As we’ve gotten a good response from viewers overseas, we also want to start offering English and Chinese subtitles to our lessons to reach more students. Through YouTube, I also want to reach students that face difficult learning environments like refugees. I see our videos becoming an online classroom that they can access anytime, without teachers or books.

PolicyPal: a mobile-first assurance on insurance

Val Yap is the founder and CEO of PolicyPal, a digital insurance broker that lets people buy, understand and organize their insurance on their mobile phones. She’s also a graduate from Start on Android, a program that helps developers perfect their apps with technical support and other perks from Google before launching on Google Play.

Why did you establish PolicyPal?

In 2013, I was working in London when my mother was diagnosed with cancer. I left my job, packed my bags, and moved back to Singapore to be with her. Relocating and seeing my strong mother stricken with illness was stressful. The daily grind of dealing with medical appointments and bills made things worse, especially when her insurance claim for her treatment was rejected.

Thankfully, my mother recovered. But we unexpectedly lost my father to a heart attack later that year. We knew he had insurance, but we had no idea what. Even as we were grieving, I had to visit different insurance companies to check. That whole year was a nightmare for my family.

Coping with my father’s passing and my mother’s illness, the last thing I wanted to do was go through insurance policies. But we needed that information and there was no other choice. If we had easier access and better understanding of our coverage, this tough time for our family would have been a bit easier to bear.

We’re sorry to hear about that. How did you go about solving similar problems for others?

Many of us have insurance, but we just pay the premiums and forget about it. When an emergency strikes, we’re scrambling to understand how we’re covered. I started PolicyPal as a digital folder for people to organize and retrieve their policies quickly and painlessly. You just need to take a photo of the insurance document, and PolicyPal stores a digital copy in your mobile phone. It also analyzes your insurance policies and recommends how to fill gaps in your coverage.

As we learned more about the problems faced in the insurance industry, we expanded our product offerings. We set up PALNetwork, an ecosystem which leverages blockchain technology to automate underwriting and claims processing, and empower partners to customize new financial products. We are also the first provider in Singapore to provide insurance for people holding cryptocurrency assets.


How did the Start on Android program help you in launching your app?

With the support and help from Start on Android, we received valuable feedback ahead of time from the community, helping us improve our app’s performance and user experience.

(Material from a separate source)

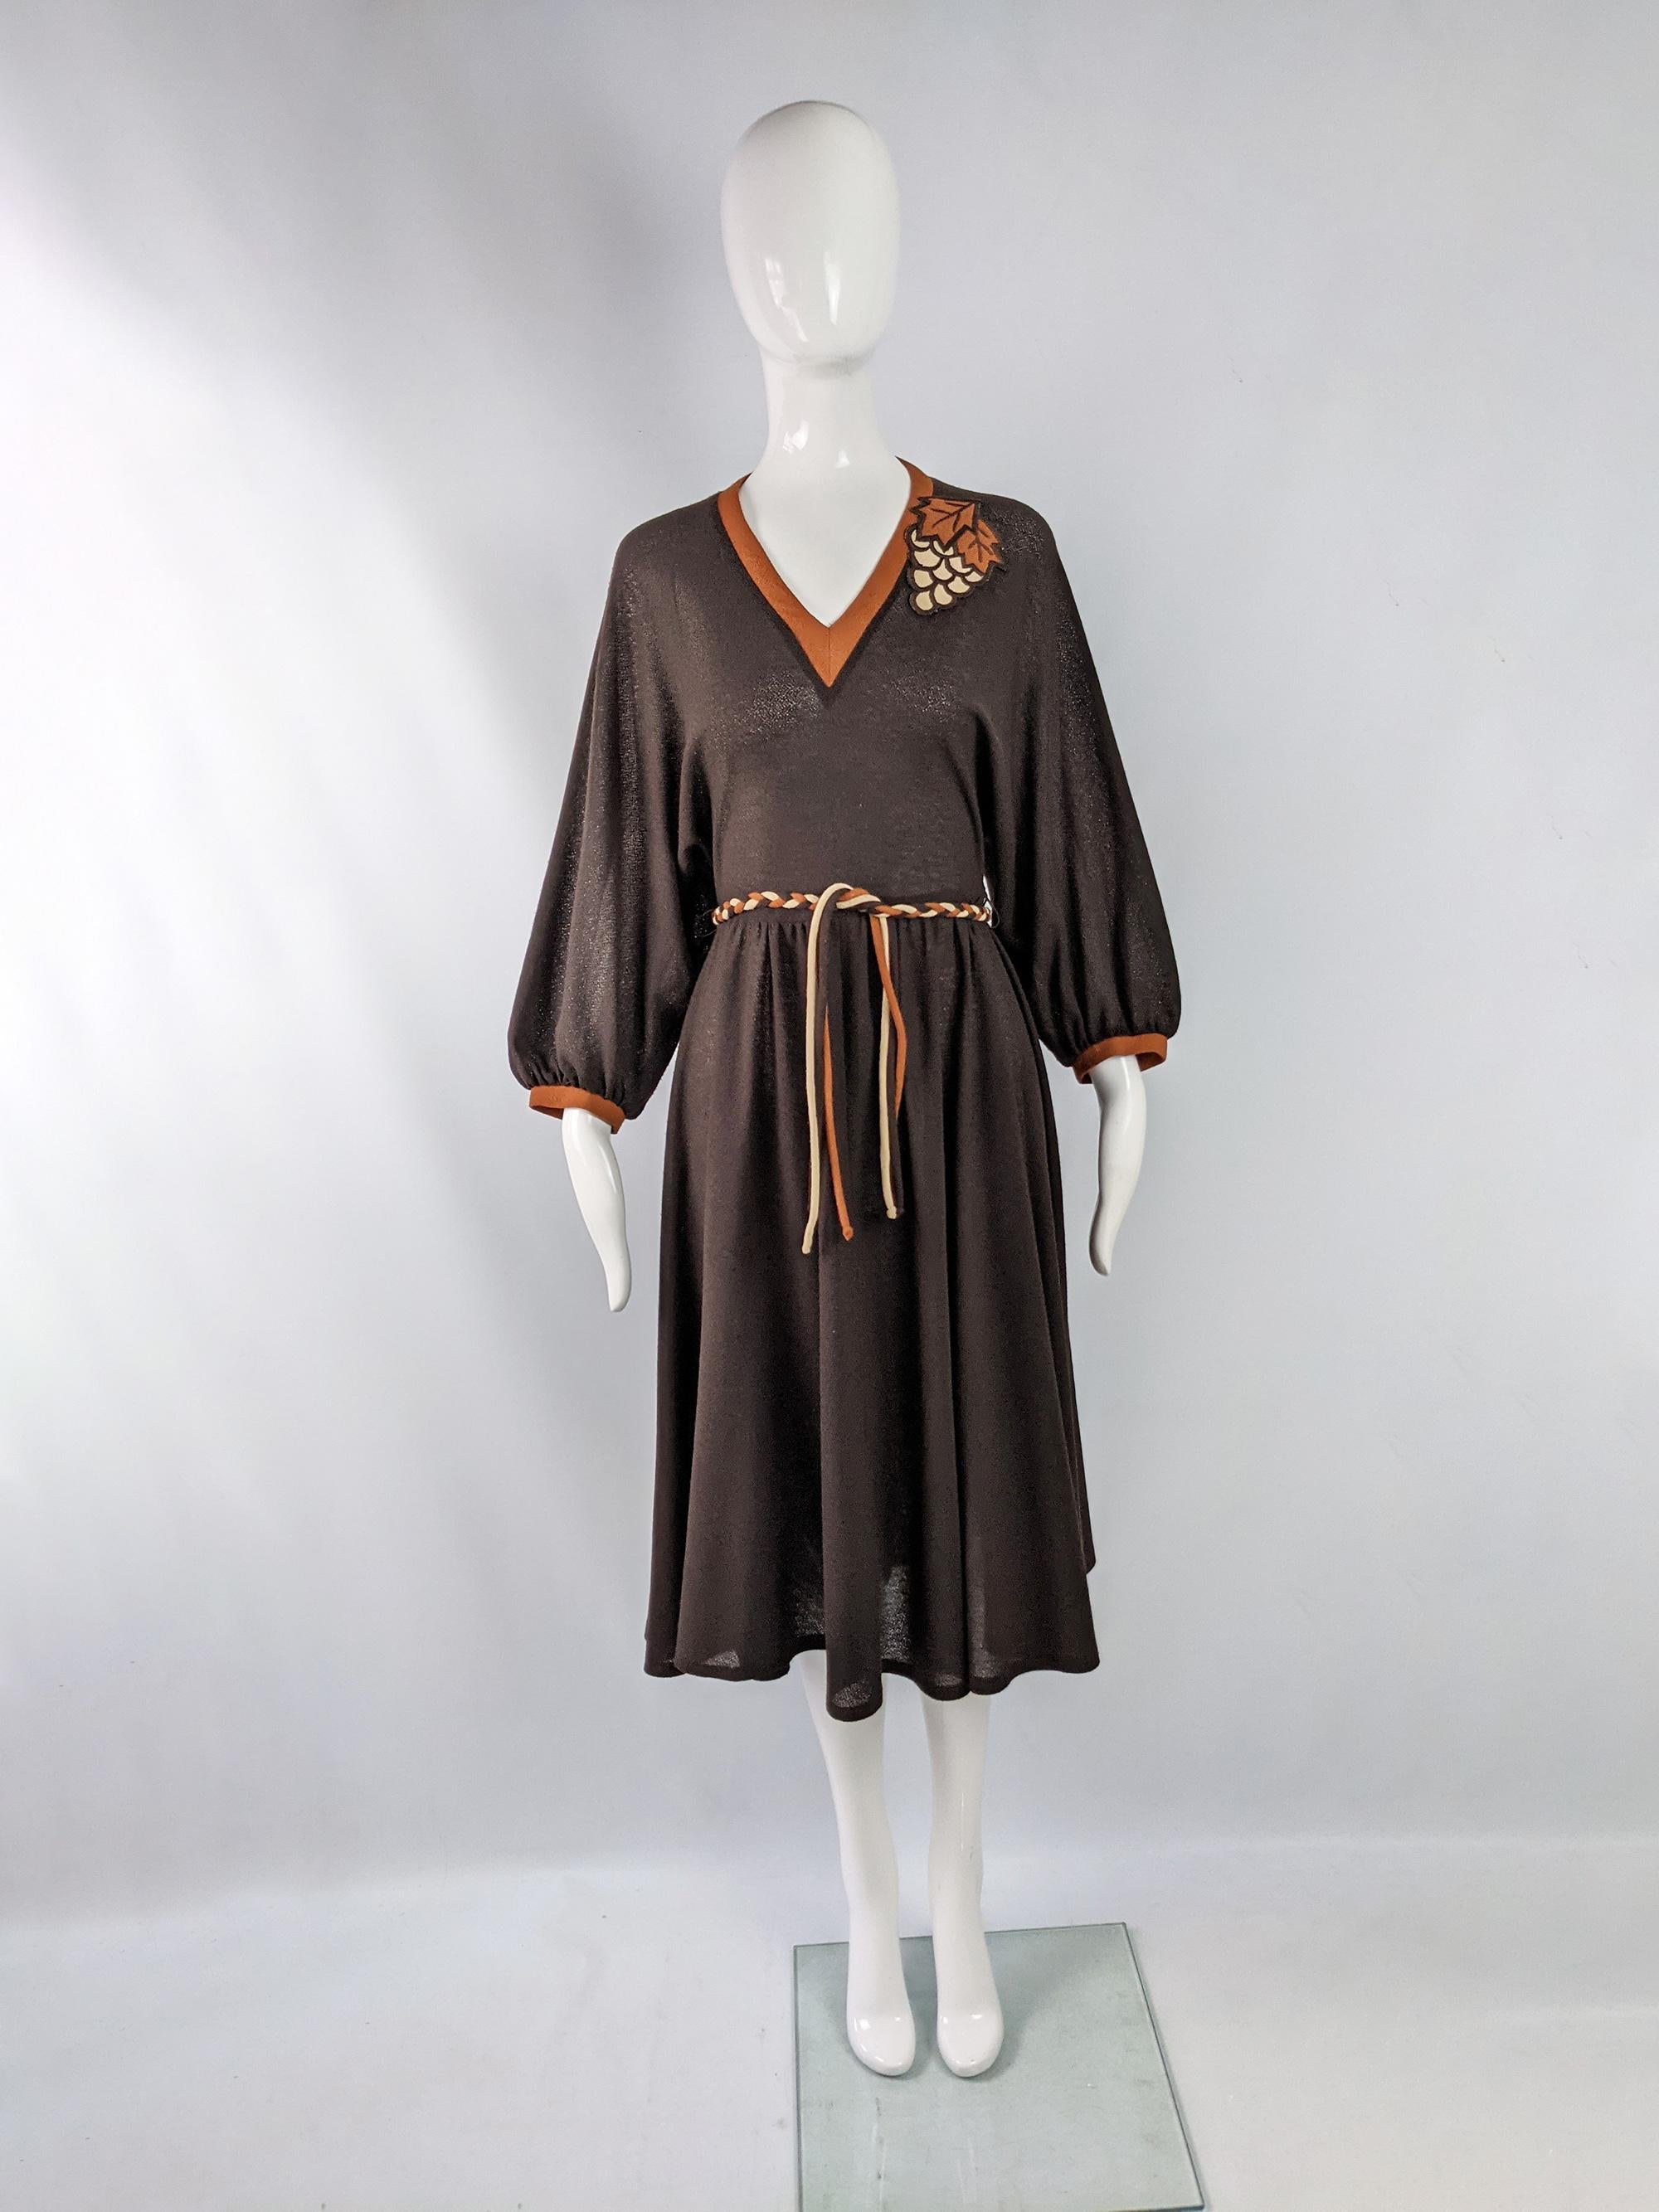 A fun and cute vintage womens dress from the 70s by quality English label, Liza Peta. In a brown, sheer crepe fabric with puffed dolman sleeves, a loose fit on top and a sweet grape embroidered applique on the shoulder.

Size: Marked vintage 12 but

We even managed to acquire and retain some early users through the program, which gave us a fantastic head start when it launched.

What are your plans for the future?

We’re focusing our efforts on serving people in more countries in Asia. I think insurance technology will develop very differently in this region from mature markets like the U.S. or Europe. People in emerging Asia will leapfrog from being unbanked and uninsured to getting insurance through novel solutions, for example, mobile apps instead of agents. We’re looking at expanding beyond Singapore to countries like Indonesia and Thailand.

You’re a female startup founder. What advice do you have for other aspiring women entrepreneurs in tech?

Find a mentor. Working with female mentors has been a game-changer for me. We go through experiences that men don’t and it’s essential that you build friendships with people who can empathize.

My second piece of advice applies to all genders! Don’t enter a sector just because it’s fashionable. Think about what problems you want to solve first and who you’re solving for. Go deep into your mission and make sure you feel it’s something you’re still going to be excited by in 10 years.